Exercise during pregnancy is much like general fitness. Your program should include flexibility training, strength training to promote a healthy body composition, and cardiovascular training within an appropriate heart rate zone. The key to training while pregnant is to focus on posture, balance, and proper exercise technique. Your focus should be to improve your fitness while training your body to adapt to the increase in body weight, change in your center of balance, and alterations in your nutritional demands, and energy levels. With this, exercising before, during and after pregnancy will decrease gains in body fat, and help to reduce the amount of “baby weight” your body holds on to after delivery.
David Nekava , NASM Elite Trainer, Fitness, answeredI am, as well, certified and qualified to work with pre and post natal individuals. Good programming, understanding what your body is going through, and knowing what to avoid are key. For the most part, it comes down to developing really good retraction in the shoulders, a high degree of core strength in all 3 planes of motion, corrective flexibility to prevent low back pain, and attention to temperature, body position, and heart rate. There are some other considerations, but those stand out as the most important. Let's work together to keep you fit for baby and beyond!
Lindsay Johnson, NASM Elite Trainer, Fitness, answeredThere are trainers certified in prenatal exercise. I myself am certified by NASM in prenatal training. It is a good idea to meet with a trainer at least once to know how to change your fitness routine each trimester. There are certain exercise positions that are not good for the fetus that you should know about. Laying on your back, stomach, or foam rolling your varicose veins in the lower legs are all dangerous to the fetus's blood supply. Feel free to reach out to me with any other questions.
Barb MacGillivary, NASM Elite Trainer, Fitness, answered
As long as your doctor does not give you any exercise restrictions, then participating in a fitness plan during pregnancy is highly recommended and can be beneficial to both the mother and fetus. When choosing a fitness plan it is important to follow a few simple guidelines. First, if you already exercised prior to becoming pregnant, you may continue with moderate levels of activity throughout your pregnancy. If you did not exercise prior to becoming pregnant, you can still begin a new fitness program (a walking program is often recommended) and progressively increase your speed and time. Other activities that may be enjoyable during pregnancy include resistance training, swimming, stationary cycling, yoga and group fitness classes. Many gyms and studios now offer prenatal exercise classes, which are taught by certified trainers.

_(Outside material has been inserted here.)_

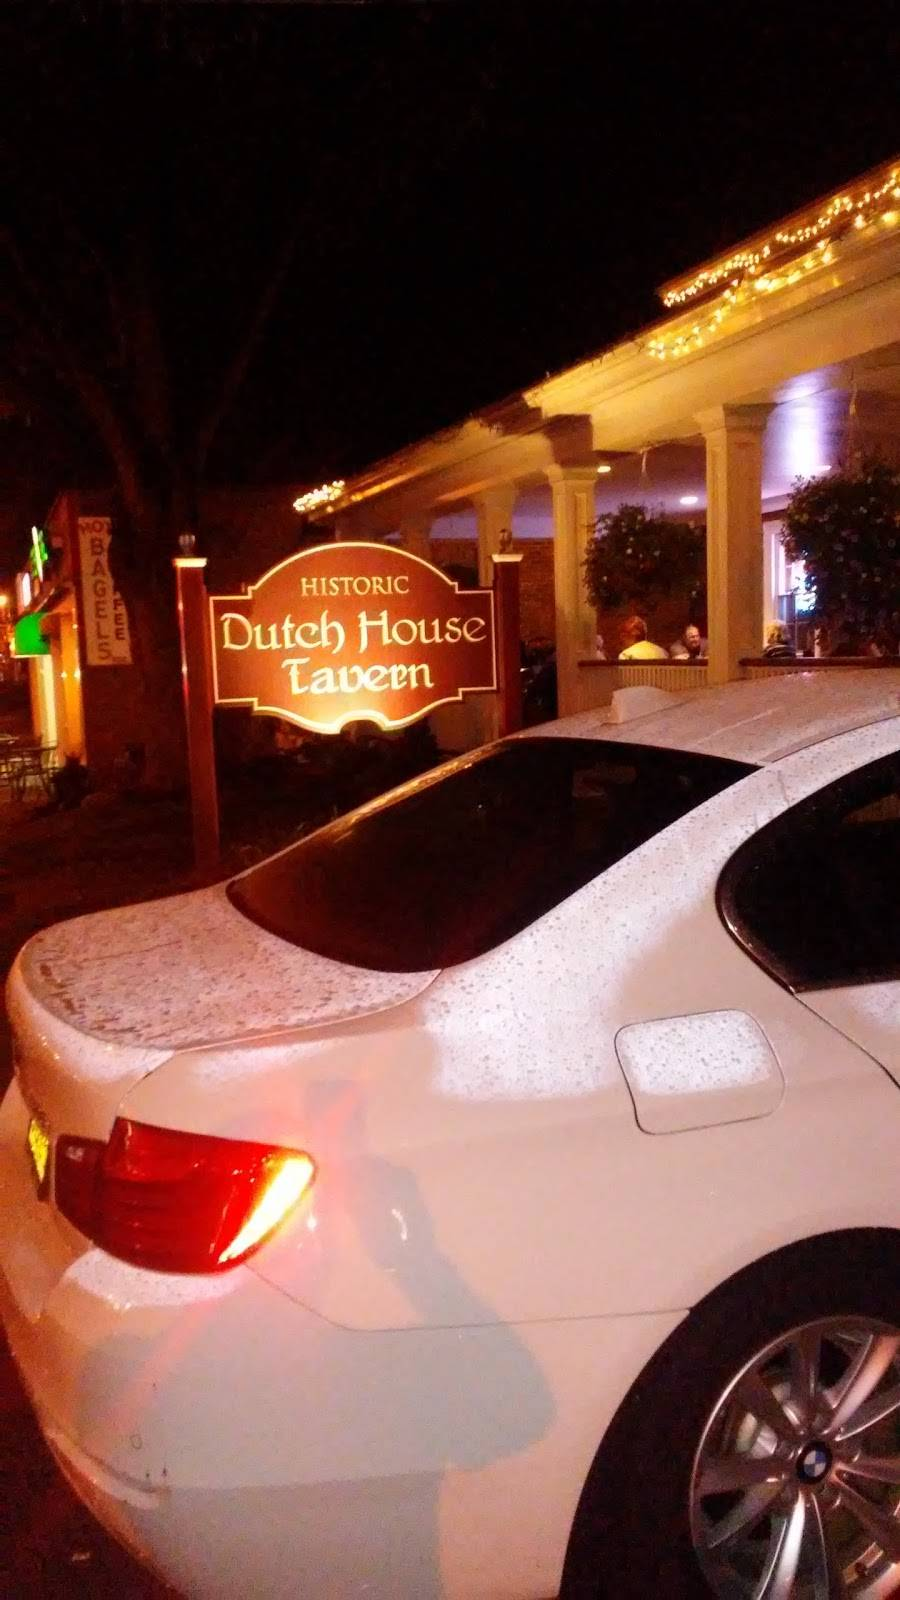 Dutch House Tavern | restaurant | 24-07 Fair Lawn Ave, Fair Lawn, NJ 07410, USA | 2017969886 OR +1 201-796-9886

As your pregnancy progresses into the second and third trimester, slight adjustments to your activities will need to be made. It is important not to perform exercises on your stomach or back. You may also have to alter your cardio program in your third trimester as work capacity is often demised.
The National Academy of Sports Medicine recommends pregnant women can exercise 3-5 times per week. Strength training programs can be implemented 2-3 days per week using light loads of 12-15 repetitions. Be sure to keep your heart rate to 140 beats per minute or less for beginners, and 160 beats per minute or less for advanced exercisers.